Лия смазывала каждый новый блин сливочным маслом, в ожидании, когда же тесто, наконец, кончится, и Мими сядет за стол, чтобы уже всласть позавтракать. Стукнула входная дверь, и спустя минуту, в кухне появилась хмурая ведьма.
- Классно пахнет, - она обежала глазами обстановку, - а кофе сварили? Хочу кофе, сил нет, глаза просто закрываются.
- Сварили. Мойте руки и садитесь завтракать. – Мими сняла со сковородки последний блин и отнесла посуду в раковину. – Опять мыть… Почему эта посуда никогда не кончается?
- Садись уже, я потом вымою, - Лия была голодна. – А где вы были с утра пораньше?
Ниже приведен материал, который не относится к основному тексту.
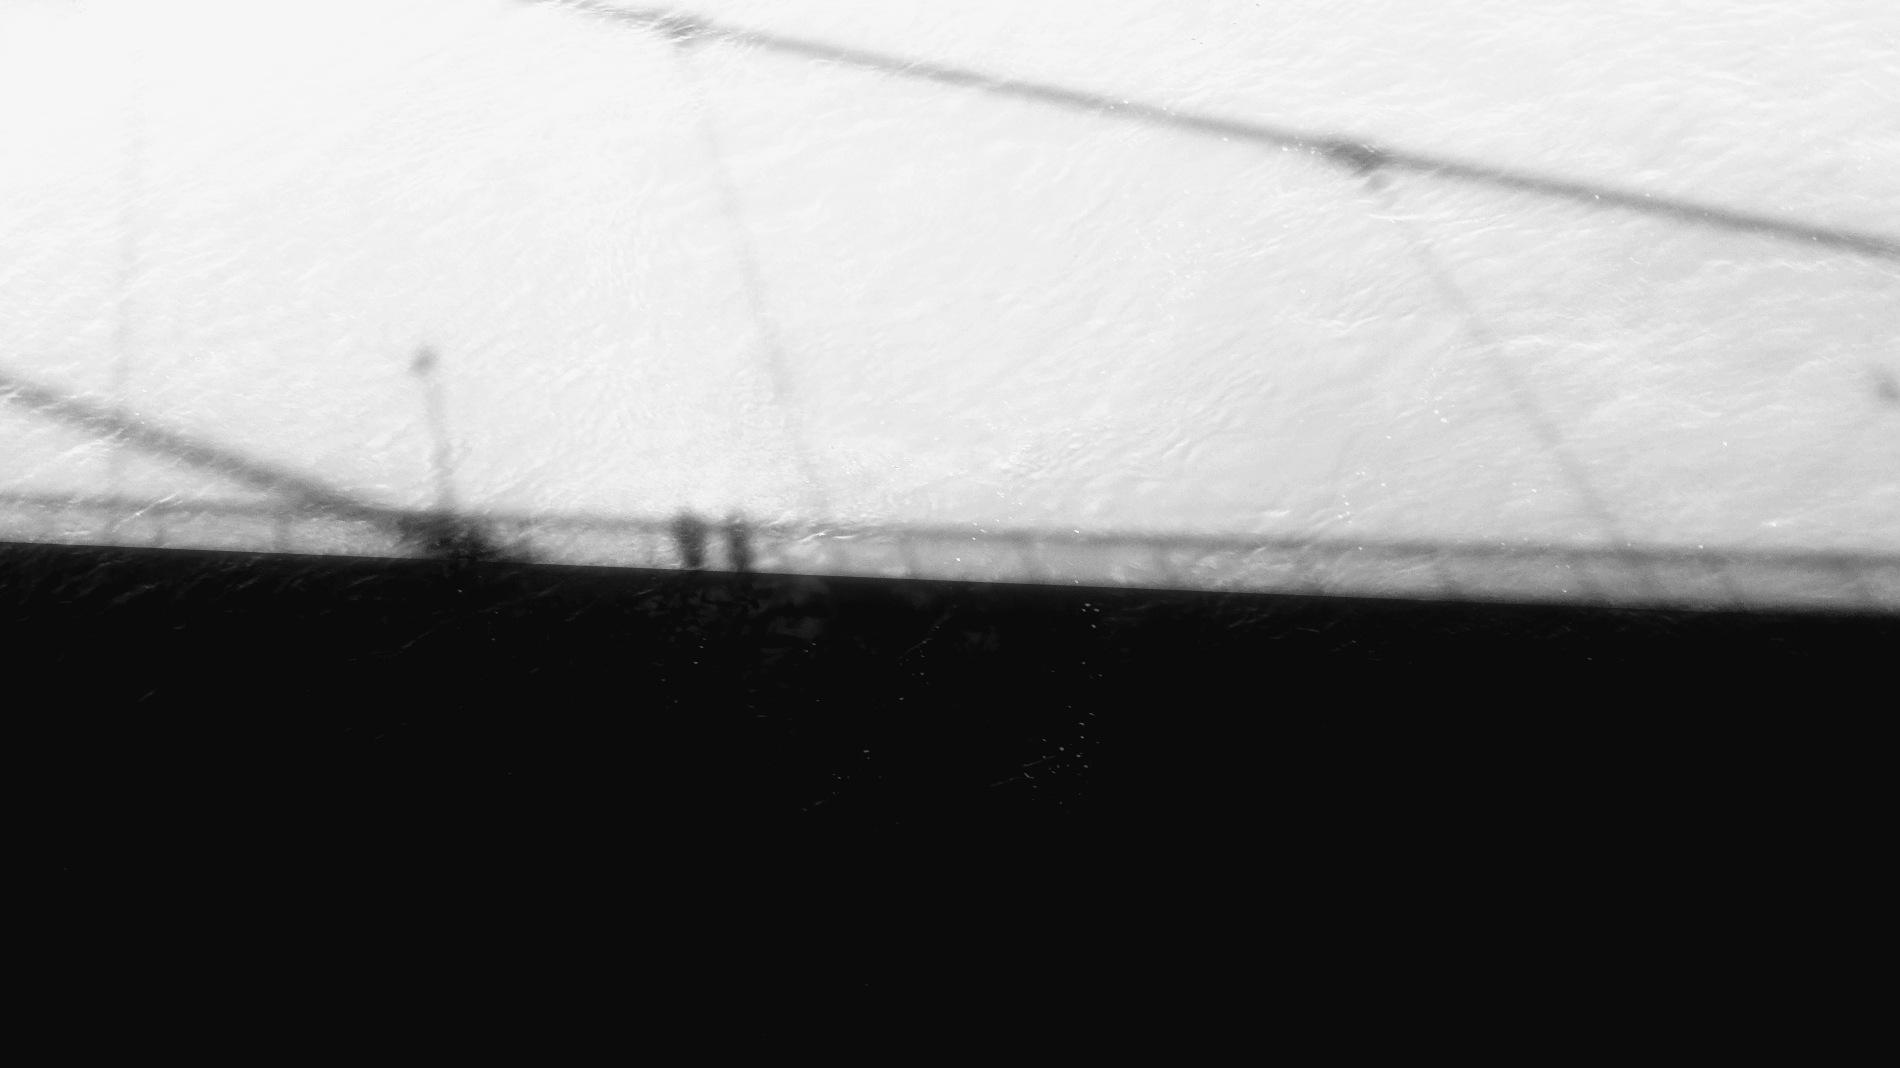 On the bridge by Gernot Schwarz
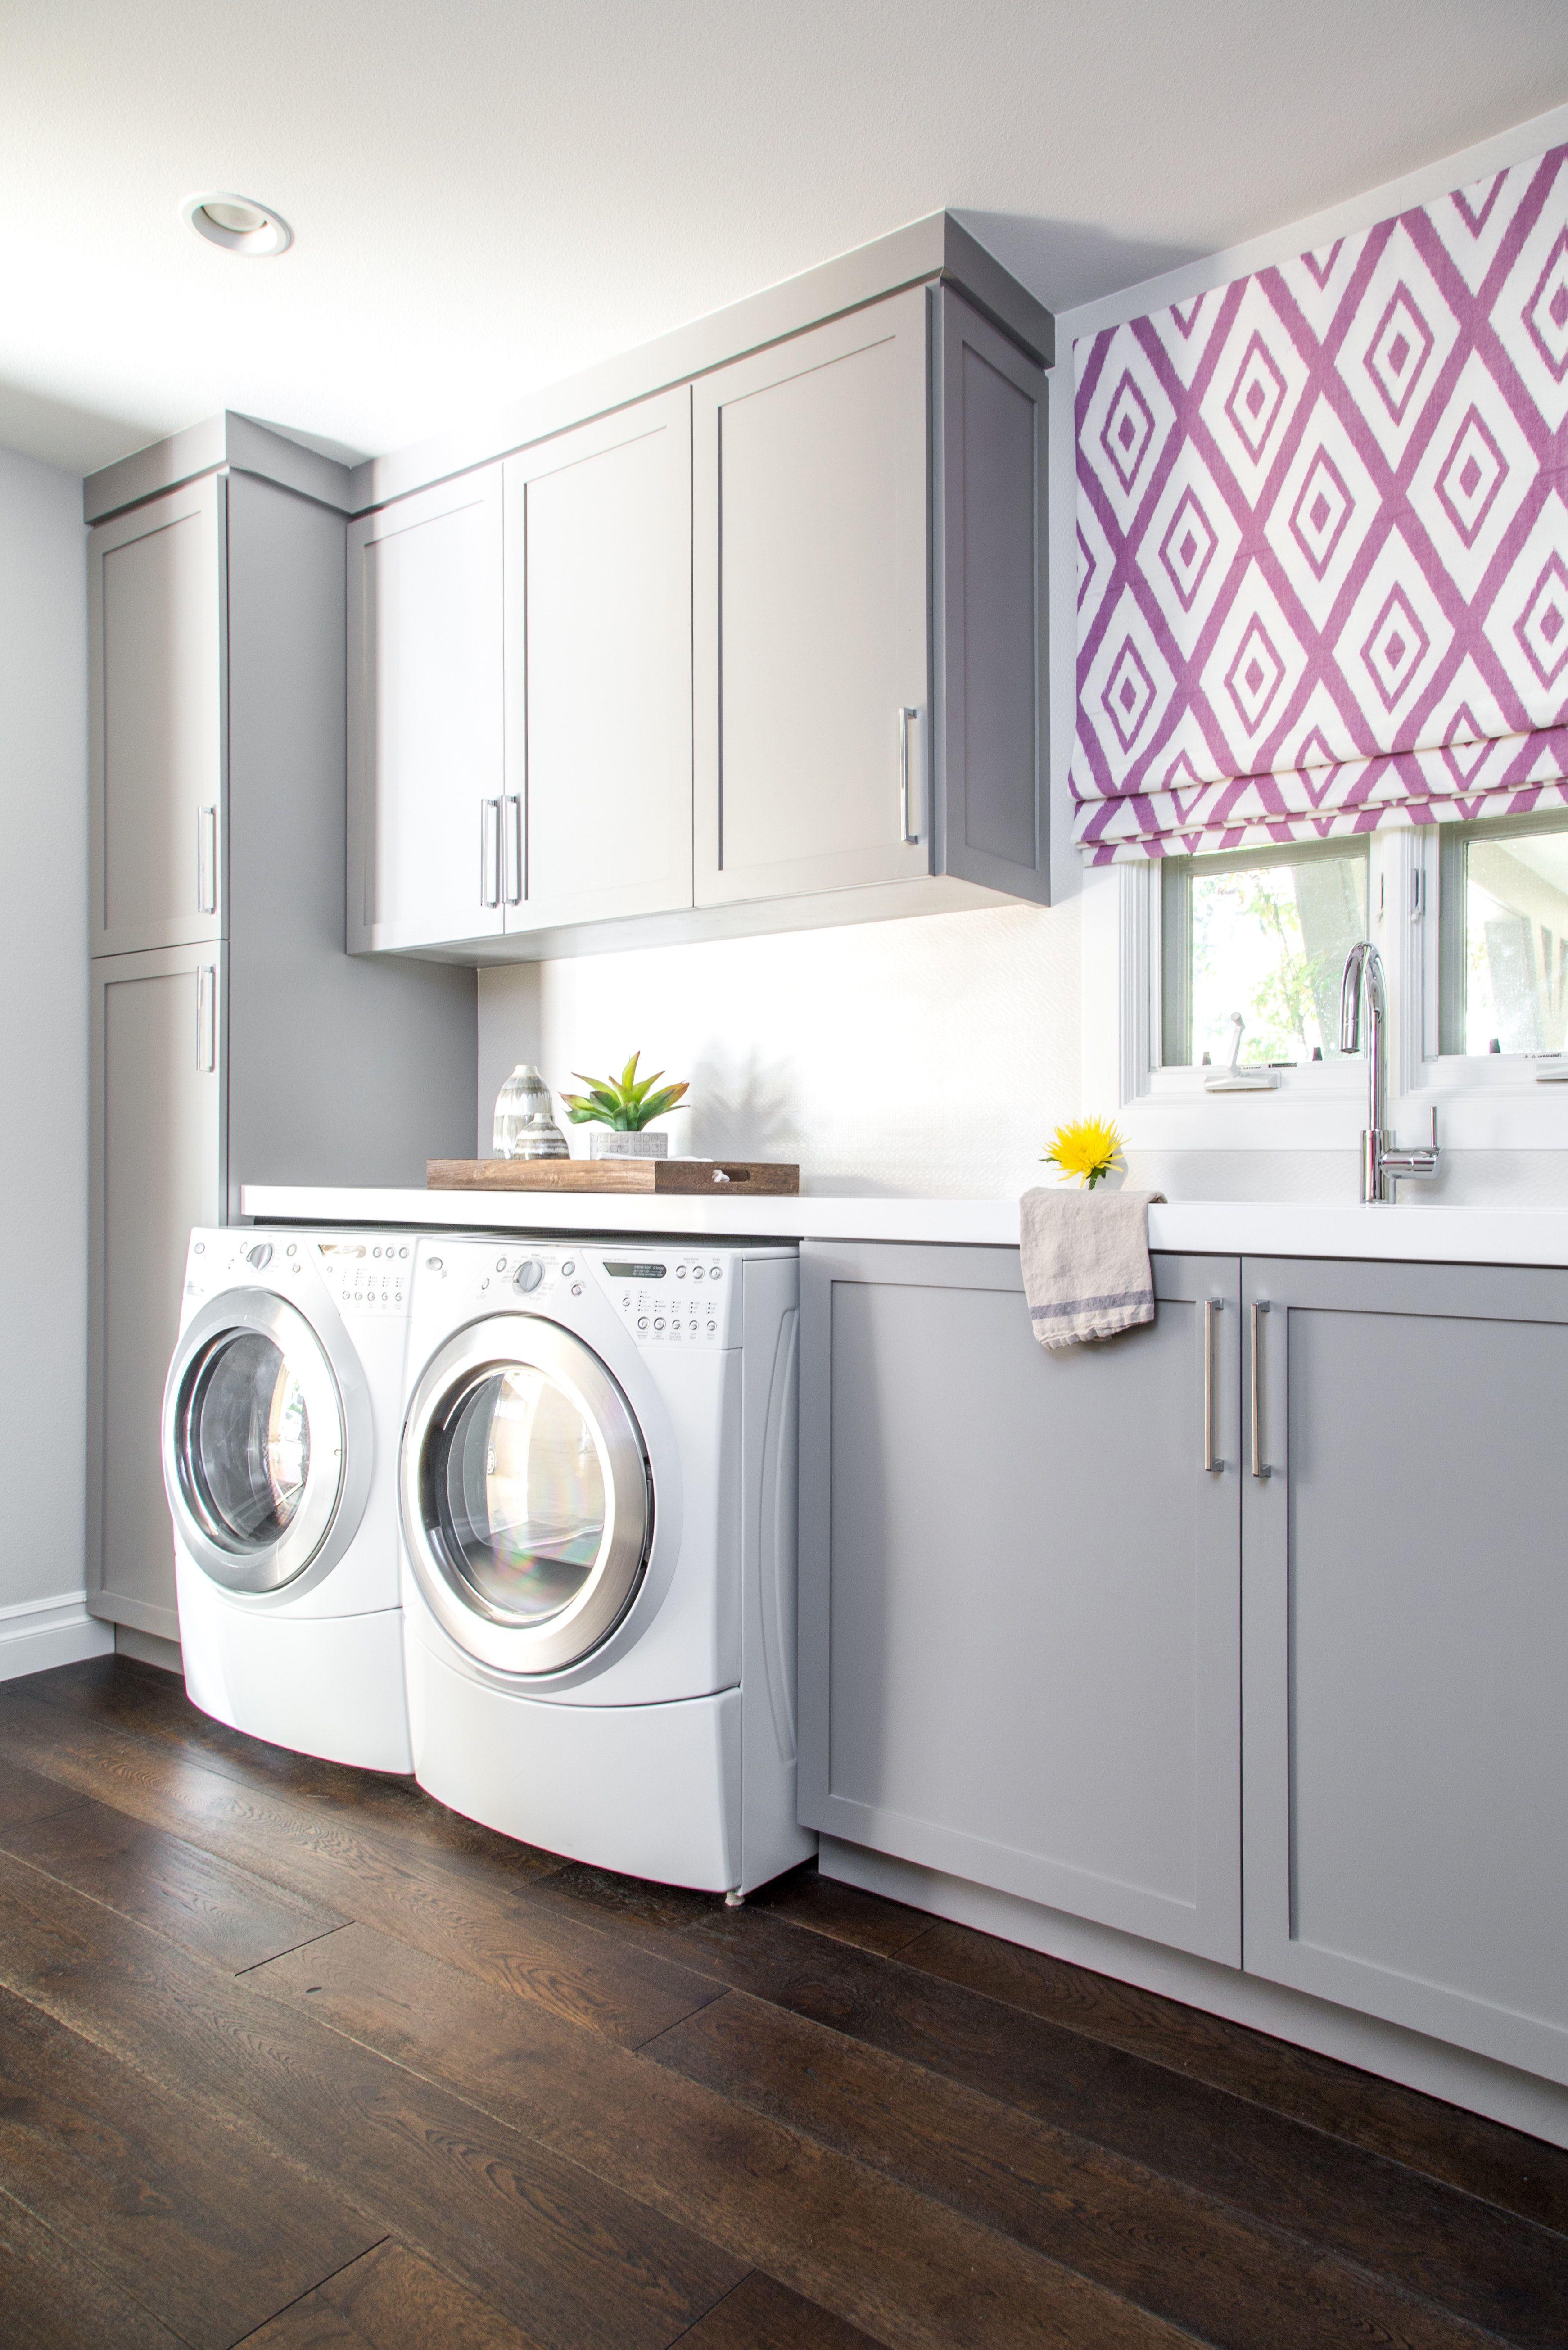 Laundry Room Light Grey Cabinetry Diamond Fabric Roman Shade Quartz Bathroom Freestanding Laundry Room Inspiration Home

Я проснулась с первым петухом, спускаюсь вниз, а вас уже нет.
- А что это ты так рано подскочила? – Ирья налила себе кофе и подхватила жирный, горячий блин.
- Да я вообще ночь не спала, всякие ужасы мерещились…
- Вот-вот, - подхватила Мими, - глаза закрою, а мне лицо Адольфа мерещится. Открою и кажется, что он вот-вот в комнату войдет, насилу дождалась рассвета.
- А нечего глаза свои любопытные таращить, куда не следует. Я вам говорила пошли домой, почему не послушались? Теперь не жалуйтесь.
- Да мы не жалуемся, просто рассказываем. А где вы были-то?
- Там и была. Представьте себе, если вам так нехорошо, то каково Киршнерам. Бэлла за ночь поседела полностью, белая совсем стала, как древняя старушка.
Лия привстала и заглянула в гостиную. На столе стоял оставленный ведьмой саквояж, с которым она всегда ходила на вызовы. В его глубинах таились загадочные инструменты, приспособления и бесконечное число пузырьков и скляночек, которые в детстве казались девчонкам совершенно волшебными. Теперь они знали назначение этих вещей, но флер магии за ведьминым саквояжем сохранился.
- А…. это не противозаконно? – осторожно спросила она. Ирья взвилась:
- Иди ты знаешь, куда! Будут мне тут всякие сопли указывать, что законно, а что нет! Для меня есть только один закон – моя собственная совесть, которая велит мне помогать тому, кому плохо. И я плевать хотела на все декреты в мире!
- Да ладно, ладно, извините… Я не хотела вас обидеть…
Лия надулась. А ведьма перевела дух, закусила блином и похлопала ее по руке.
- Ты тоже меня извини, я зря сорвалась. Нервишки у меня стали пошаливать, насмотрелась на Киршнеров сегодня, и такое зло меня взяло – ну вот что произошло? Что случилось с этой страной? Мы много лет жили спокойно, занимались своим делом, рождались и умирали, и вот на тебе: родители хоронят детей, а ведьма не имеет права налить им валерьянки. Что за…
В кухне воцарилось тягостное молчание.
- А он ведь правда страшный? – робко вставила Мими, которую Адольф поразил до глубины души.
- А чего ты хотела? Ему полголовы снесло палашом, да и разлагаться он уже давно начал. Ты не бери это в голову, - Ирья наклонилась к ней. – Там, в мешке не Адольф, там лежит тело, которое естественным путем распадается. Ничего страшного в нем нет, его просто нужно предать земле. Адольф был красивым и веселым парнем, вот и помни его таким, он ничуть не изменился.
Сложно сказать, поверила ли ей Мими, но на эту тему она больше не высказывалась. Ирья тоже молчала, словно не решаясь что-то высказать, но потом все-таки передумала.
- На Черемуховой улице в три дома эта подвода заезжала: к Киршнерам, Савойским и Мравичам. А на Огоньковой в целых пять. Вот, милые мои, война выглядит именно так – как лицо Адольфа.  Я их уговорила завтра же хоронить, не церемониться, черт знает, сколько времени тела пролежали, недалеко и до заразы.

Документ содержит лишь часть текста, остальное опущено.